Zero to JupyterHub with Ansible

tl;dr: In this post we’re going to show you how to deploy your own self-healing, Kubernetes-managed JupyterHub cluster on Amazon Web Services using the infrastructure automation tool Ansible.

Jupyter Notebooks make it easy to capture data-driven workflows that combine code, equations, text, and visualizations. JupyterHub is an analysis platform that allows astronomers to run notebooks, access a terminal, install custom software and much more. The JupyterHub environment is rapidly becoming a core part of the science platforms being developed by LSST, NOAO, SciServer, and here at STScI.

If you want to create a new JupyterHub environment, there’s a popular community guide ‘Zero to JupyterHub’ which walks you through, step by step how to create a JupyterHub deployment (managed by Kubernetes) on a variety of different platforms.

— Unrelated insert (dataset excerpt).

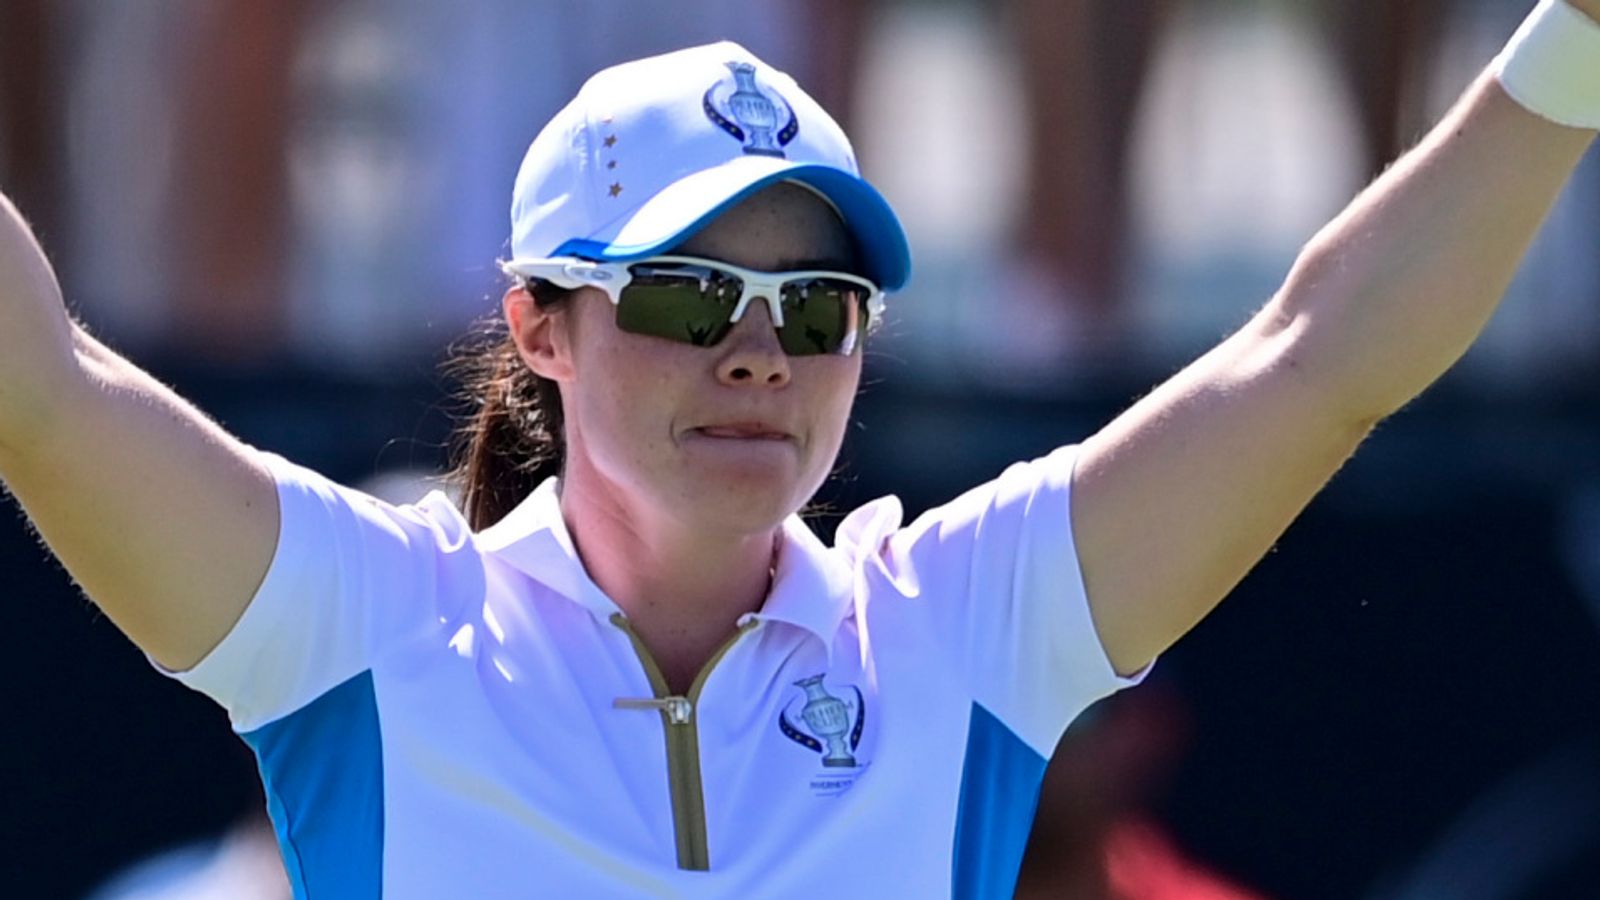 Solheim Cup: Leona Maguire says her week could not have been better as Europe retain the trophy

As great as this guide is, there’s a lot of copying and pasting required and even for someone experienced, it takes a good hour or two to create a new cluster.

In this blog post we’re going to walk you through a new resource we’ve recently released to the community which is essentially the Zero to JupyterHub guide but as an executable Ansible playbook. By following this guide, building a new JupyterHub cluster can be done with a a single command and takes about 5 minutes.

At the end of this playbook you’ll have a basic JupyterHub installation suitable for use within a research group or collaboration.

Some definitions

Before we get stuck in to the actual guide, it’s worth spending a moment defining some of the terms/technologies we’re going to be using here today.

Jupyter Notebooks: The file format for capturing data-driven workflows that combine code, equations, text, and visualizations.

JupyterHub: The analysis platform that allows astronomers to run notebooks, access a terminal, and install custom software.

Ansible: An infrastructure automation engine for automating repetitive infrastructure tasks.

Kubernetes: A platform for managing deployments of services (the service in this case being JupyterHub).

EFS: A scalable, cloud-hosted file-system. In this example, the home directories of our users are stored on an EFS volume.

Getting set up

Sign up for Amazon Web Services

We’re going to start by assuming that you already have an Amazon Web Services account, and are logged in to the AWS console at http://console.aws.amazon.com. If you don’t have an account, you can sign up here.

Install Ansible (2.5 or higher) on your local machine

You’ll also need to have Ansible version 2.5 or higher installed on your local machine to execute the playbook later on – 2.4 will almost certainly not work with this tutorial. This guide walks you through how to install Ansible on Mac OSX, and guides for other platforms can be found here.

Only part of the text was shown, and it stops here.